(Supplied information begins)

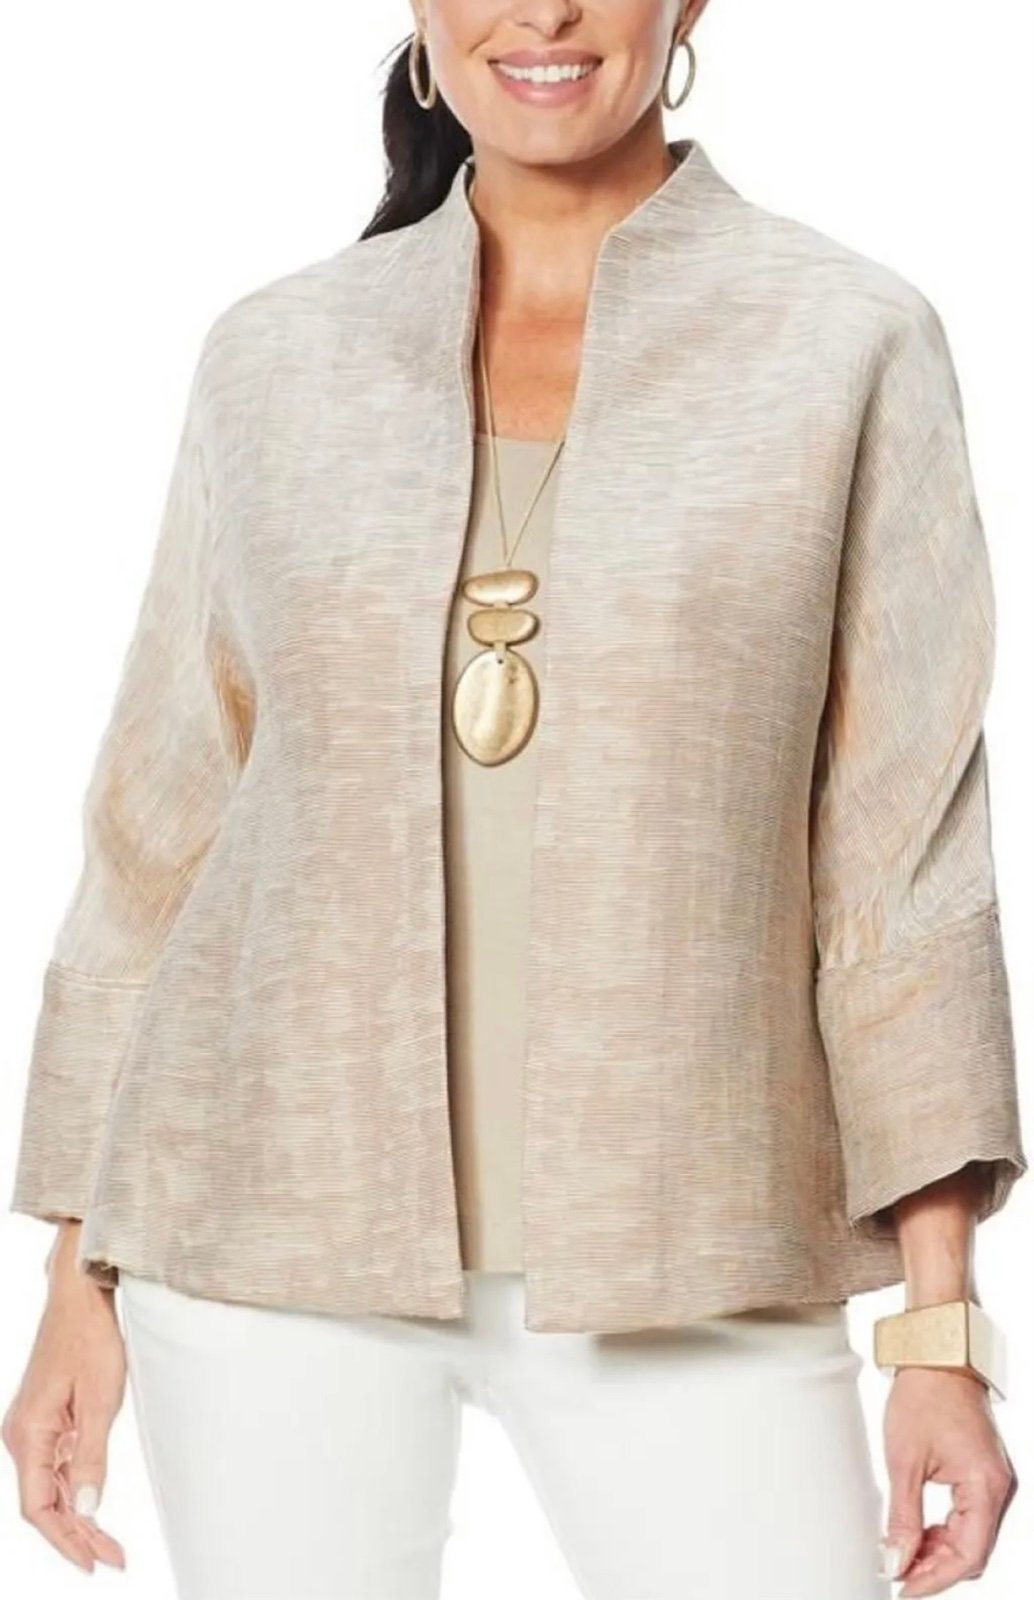 Great MarlaWynne Jacquard Textured top jacket sz M GDAol8Ctf all for you
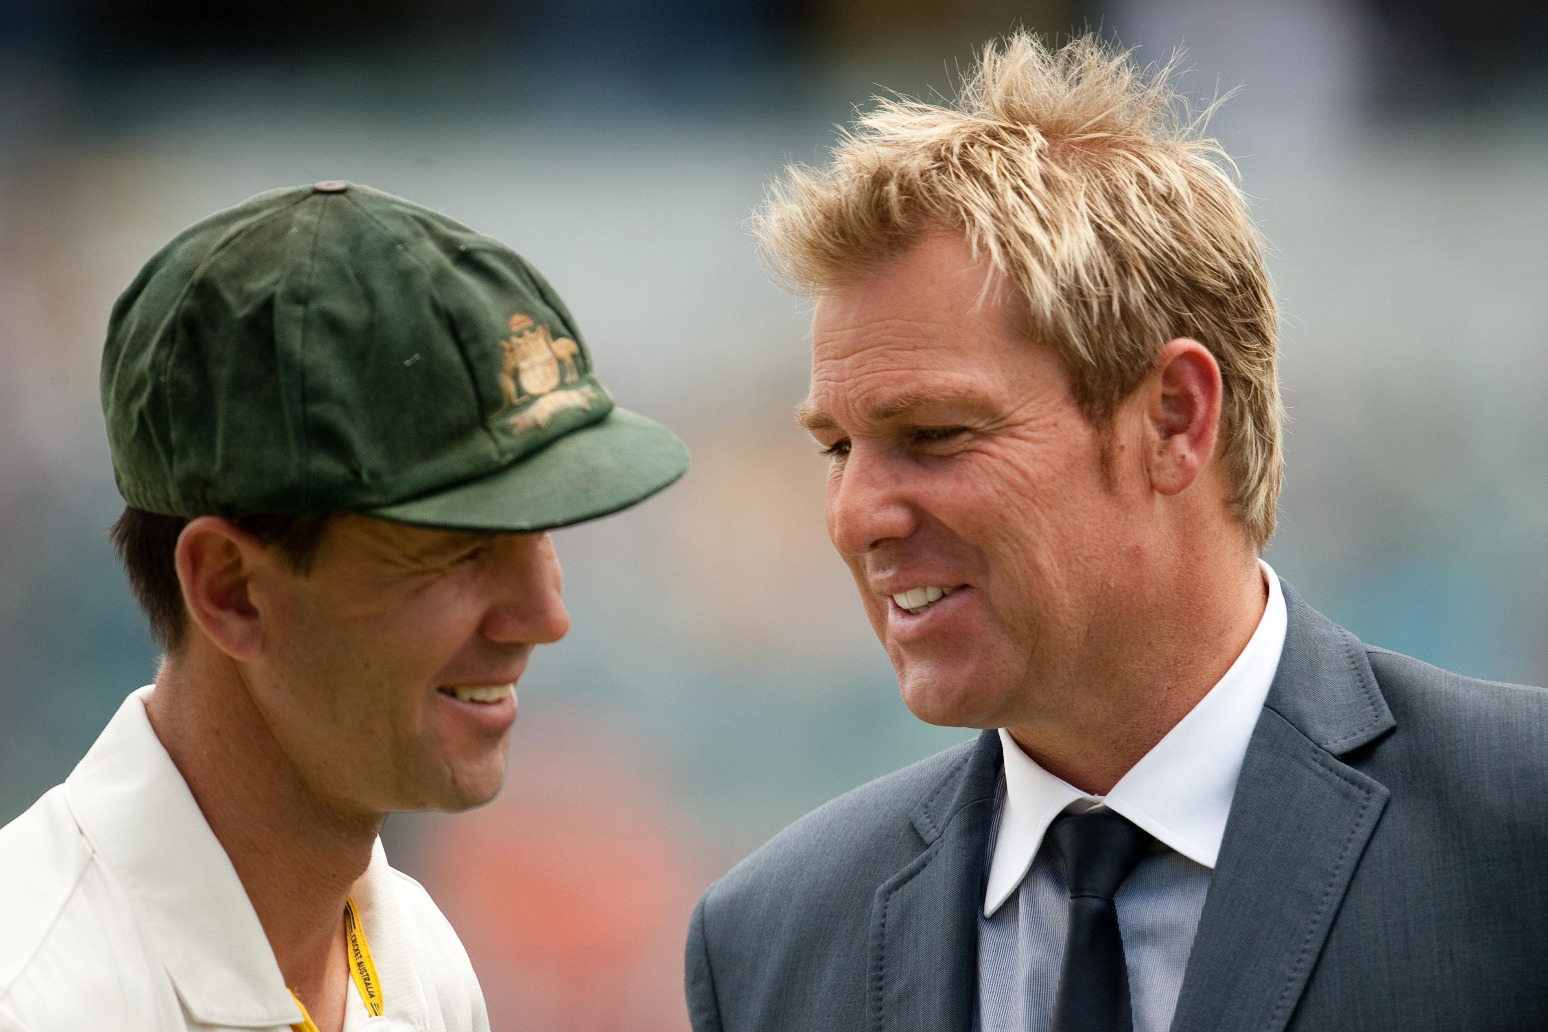 Shane Warne remembered as ‘much-loved cricketing legend’ at moving state funeral 
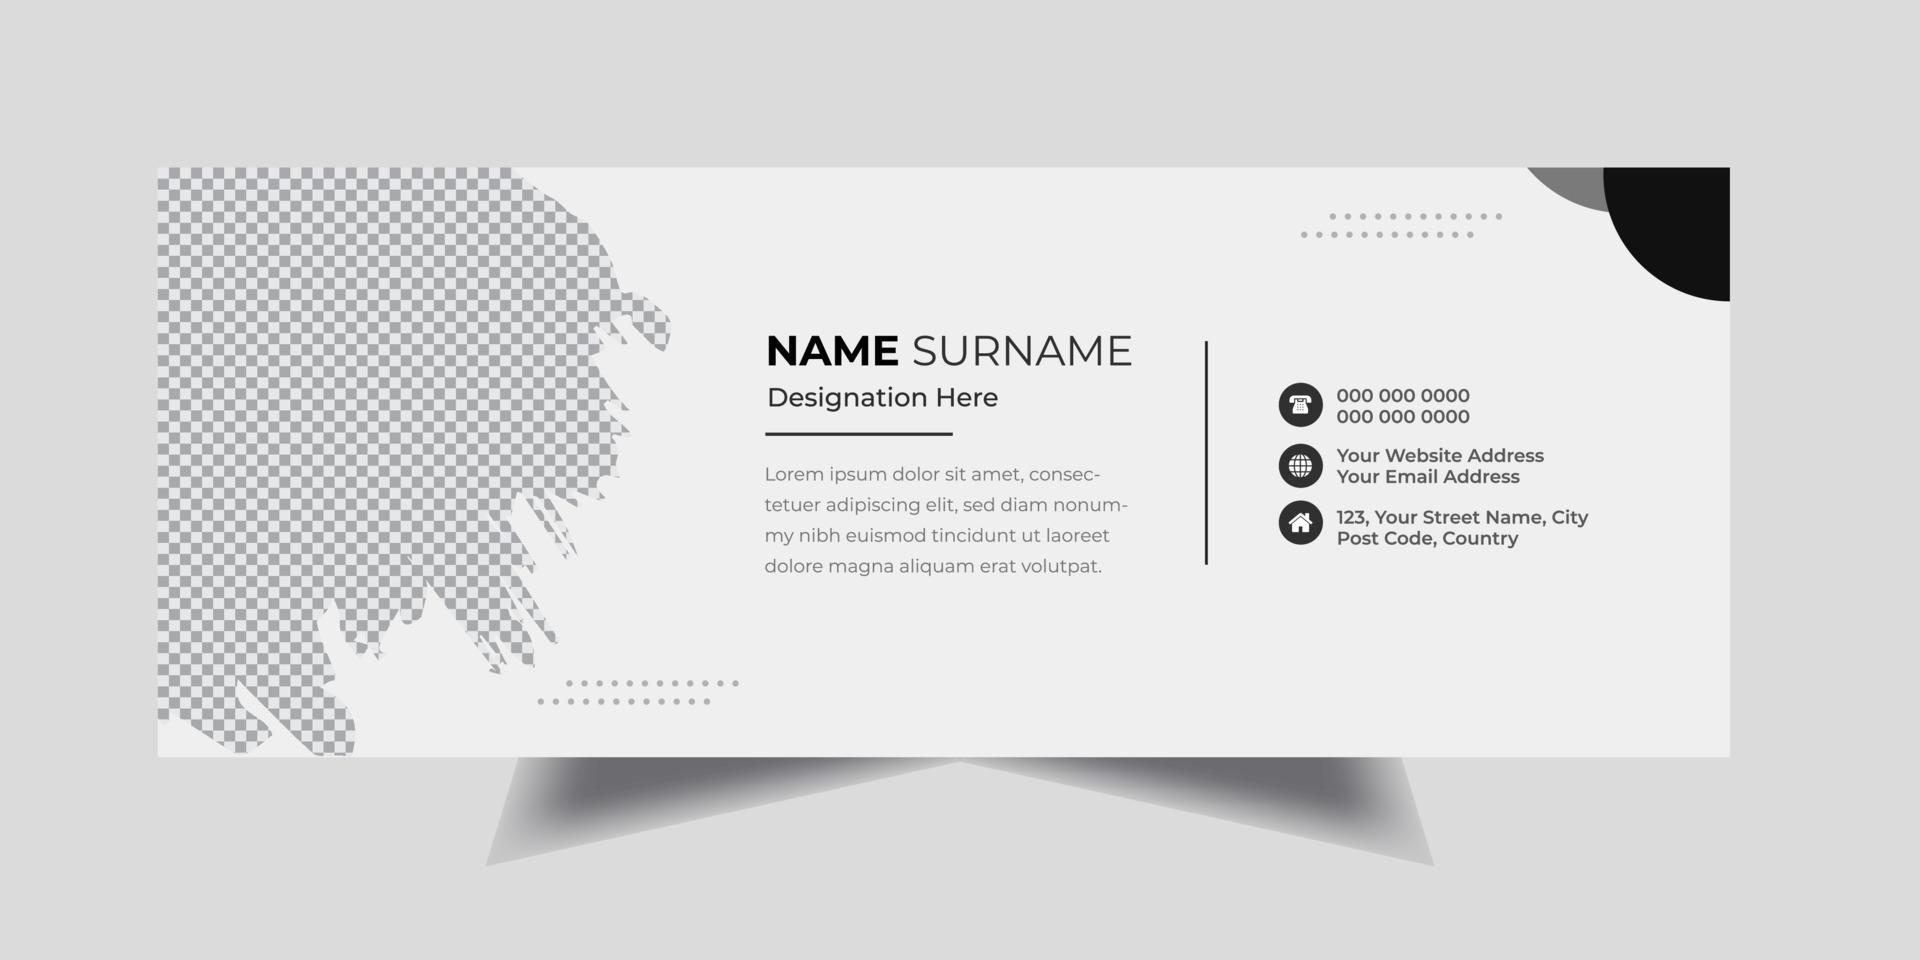 Corporate Business email signature Template Design vector

(Supplied information ends)

▶ Problem statement
Transcribe everything above exactly. Do not include the pictures.

▶ Completed task
 Great MarlaWynne Jacquard Textured top jacket sz M GDAol8Ctf all for you
 Shane Warne remembered as ‘much-loved cricketing legend’ at moving state funeral 
 Corporate Business email signature Template Design vector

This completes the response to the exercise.